They would put lime in the water when they mixed up the corn.


----------



## Robie (Jun 2, 2016)

I can see that being a problem if you were relying on it for your only food source, but as a supplement or in an emergency...seems like a pretty easy and cheap snack or soup/stew additive.

Did quite a bit of research on it and apparently it was pretty popular with the frontiersmen also.


----------



## Joe (Nov 1, 2016)

Robie said:


> Never heard of it until a few days ago.
> 
> Everything I'm reading says it's a great thing.
> 
> ...


 @Robie I have never tried this yet we have loads of dehydrated corn in our larder. I stole this recipe from another site. My understanding is that soldiers in the Civil War carried parched corn in their rucksacks.
Default Parched Corn Recipe
Here it is my famous trail food of parched Corn. Why spend a bunch of money on pricey power bars, Native Americans and the early pioneers already knew how to make an easy nutritious snack. Parched corn was staple of early Americans and today it is the perfect pick-me-up for any outdoor activity. Follow these steps to whip up a batch of the original American energy food.

Things You'll Need:
Corn 
Skillet 
Butter, lard, oil or cooking spray 
Spoon 
Paper towel 
Cloth or plastic bags 
Dry the corn. The primary ingredient of parched corn is dried corn. To dry fresh corn on the cob, hang it in a dry area of your home and allow it to dry out naturally. Frozen corn can be dried in a dehydrator or spread on a cookie sheet and placed in an oven set at 150 degrees. Leave the oven door open a little. This method can take a few hours and the corn should be turned occasionally to prevent burning. 
Oil the skillet. Add a small amount of butter, lard or oil to a skillet.
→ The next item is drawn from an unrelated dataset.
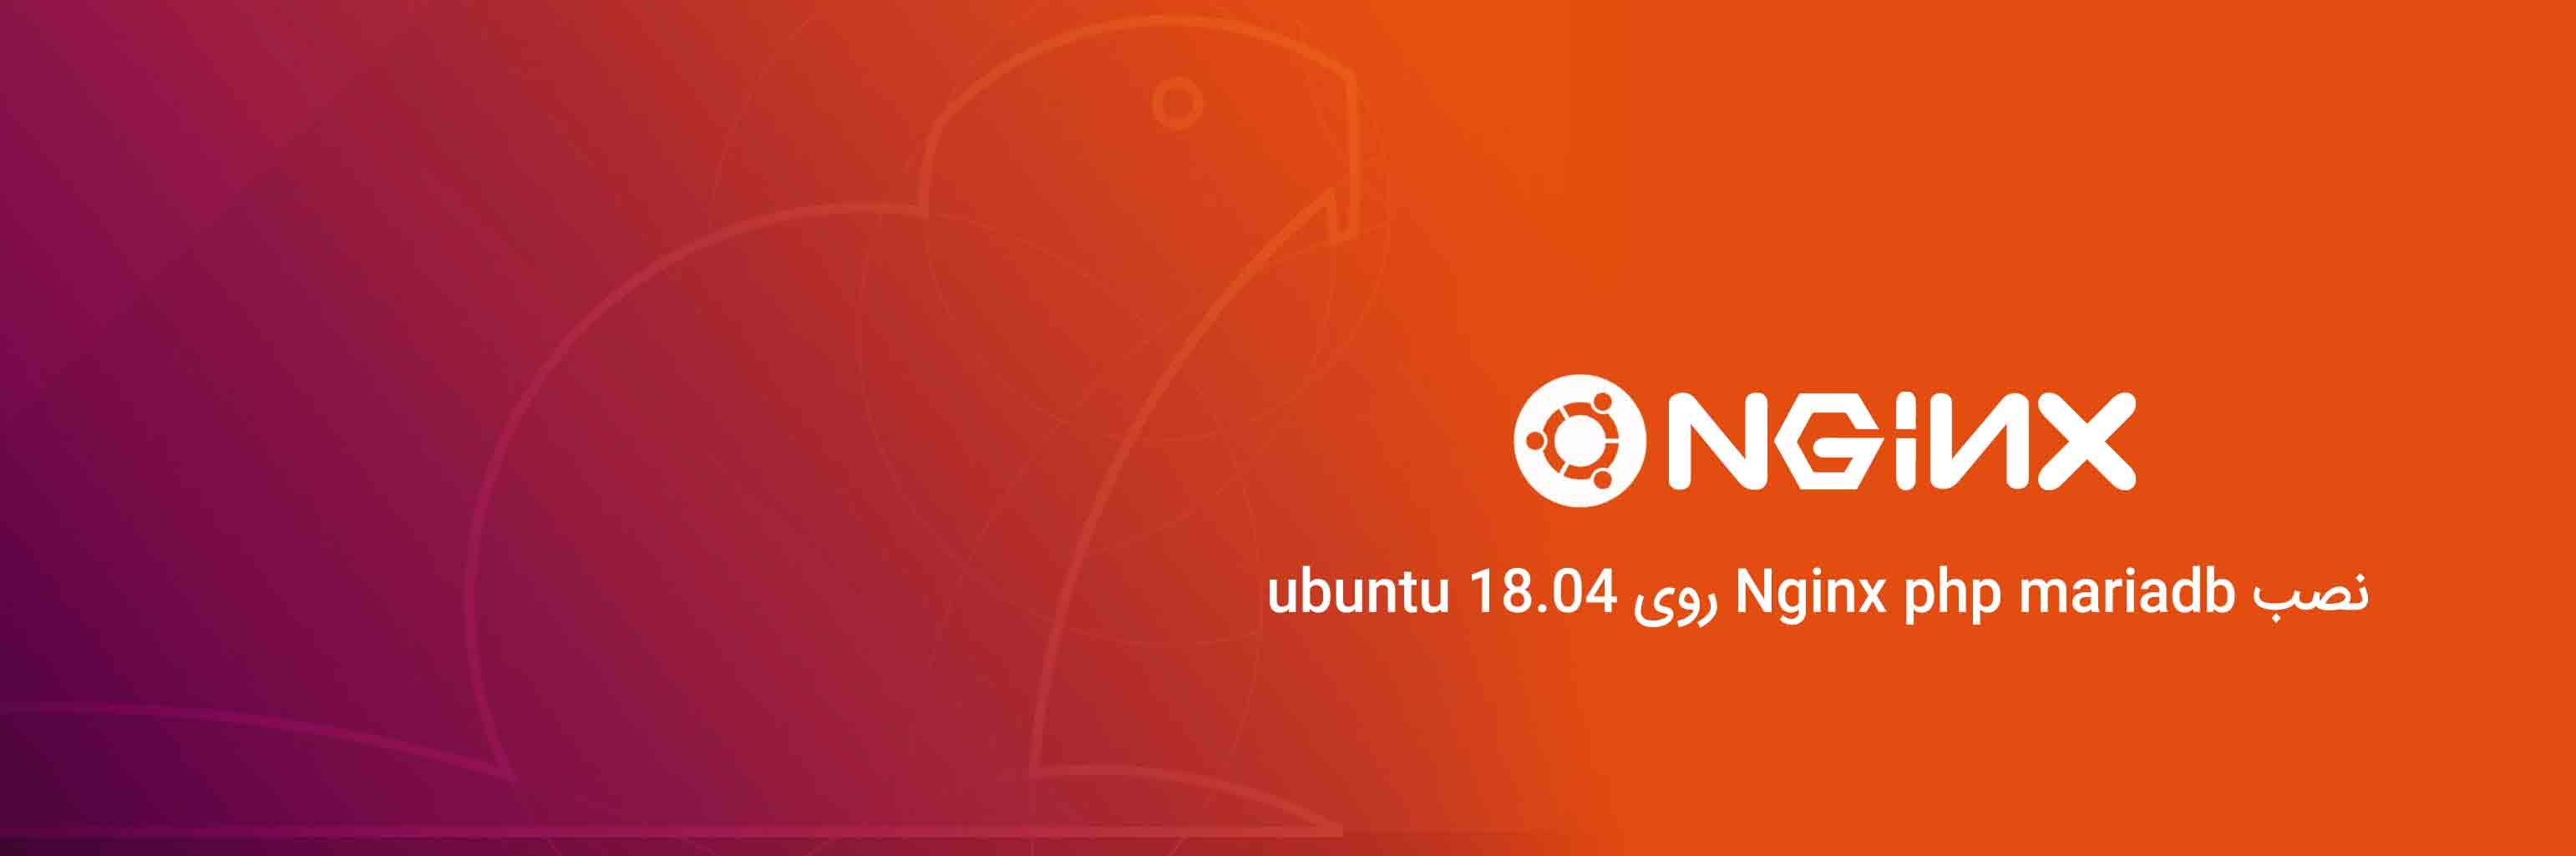 نصب Nginx php mariadb روی ubuntu 18.04
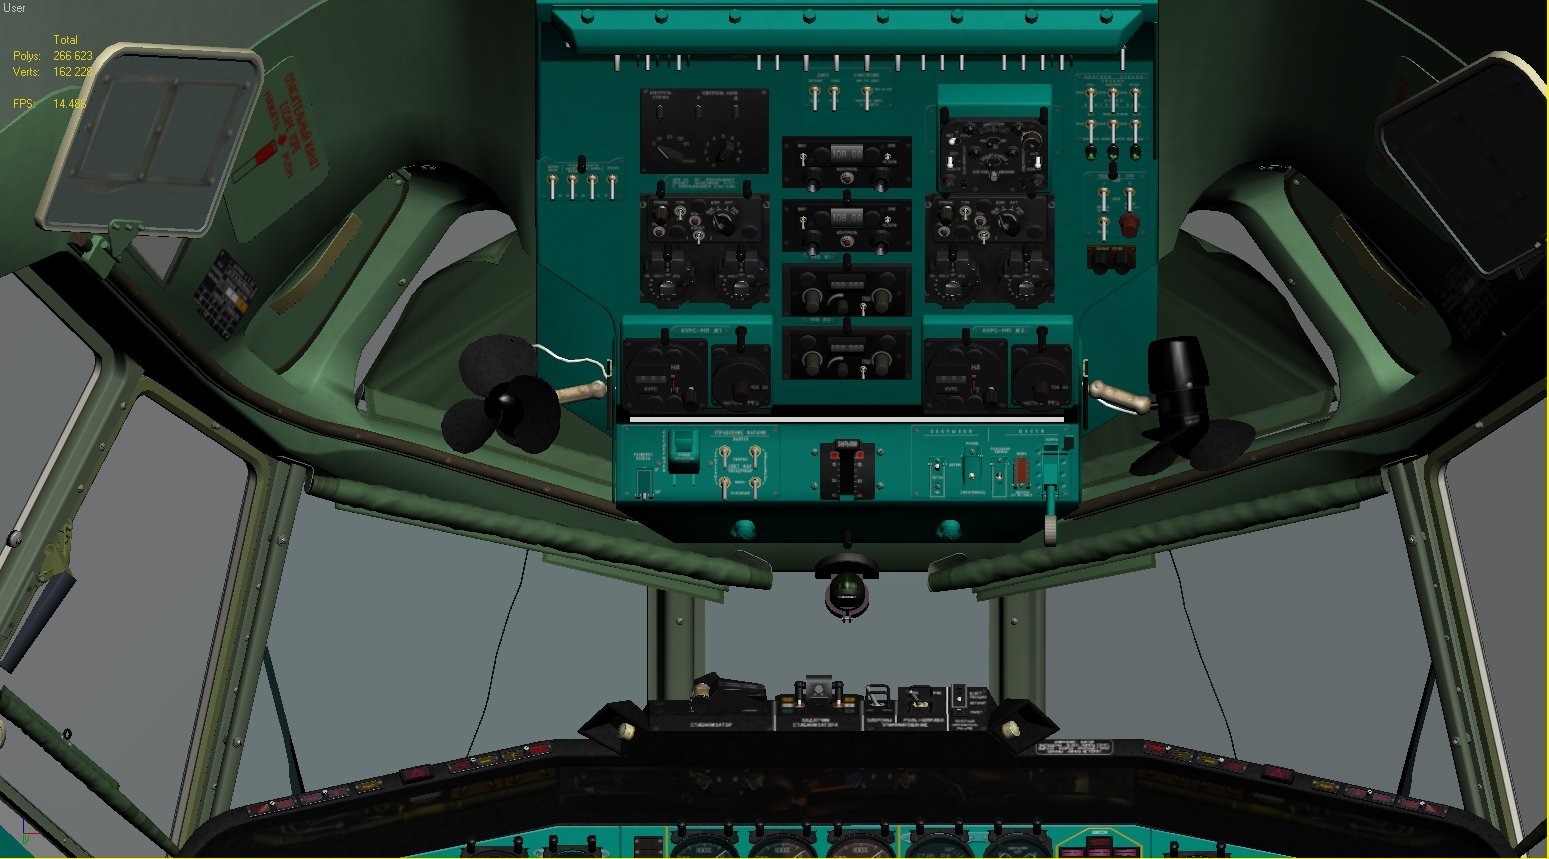 1310473507_2019-04-2001_42_35-Tu-154_B2_VC487.max-ProjectFolder_D__Documents_3dsmax-Autodesk.jpg.57f6fe377caf404efc2257c13b4801a7.jpg

Cooking spray can also be used. Heat the oil on a low temperature. Wipe the frying pan with paper towel to remove any excess oil. Only a thin coating should remain on the bottom of the pan. 
Pour the corn in the skillet. Add enough dry corn to the skillet to just about cover the bottom. The actual amount will depend on the size of the skillet. 
Cook the corn. Allow the corn to cook slowly. Stir the dried corn constantly to prevent burning. I sometimes add crushed red peppers or other spices at this time for a different taste. The parched corn is done when the kernels have swollen, and turned a medium brown. A few of the kernels may explode, just like popcorn. 
Drain the corn. Pour the parched corn onto some paper towel and allow to thoroughly drain and cool. Turn the corn a couple of times to ensure that all excess oil is absorbed. Store the parched corn. Place the parched corn in a cloth, my favorite a hide bag (it soaks up any extra oil) or plastic bag for storage. A small bag of parched corn will be enough for your next day of hiking.


----------



## Robie (Jun 2, 2016)

Made a batch.

Tossed it with a little brown sugar.

I liked it.

I can see it being something handy to have on hand when you're "on the move".


----------



## PrepChris (Mar 23, 2017)

Good idea. Never thought about using corn actually. Need to test it out abit first tho in a survival situation to see what it brings. Will give it a go when summer when i go back home.


----------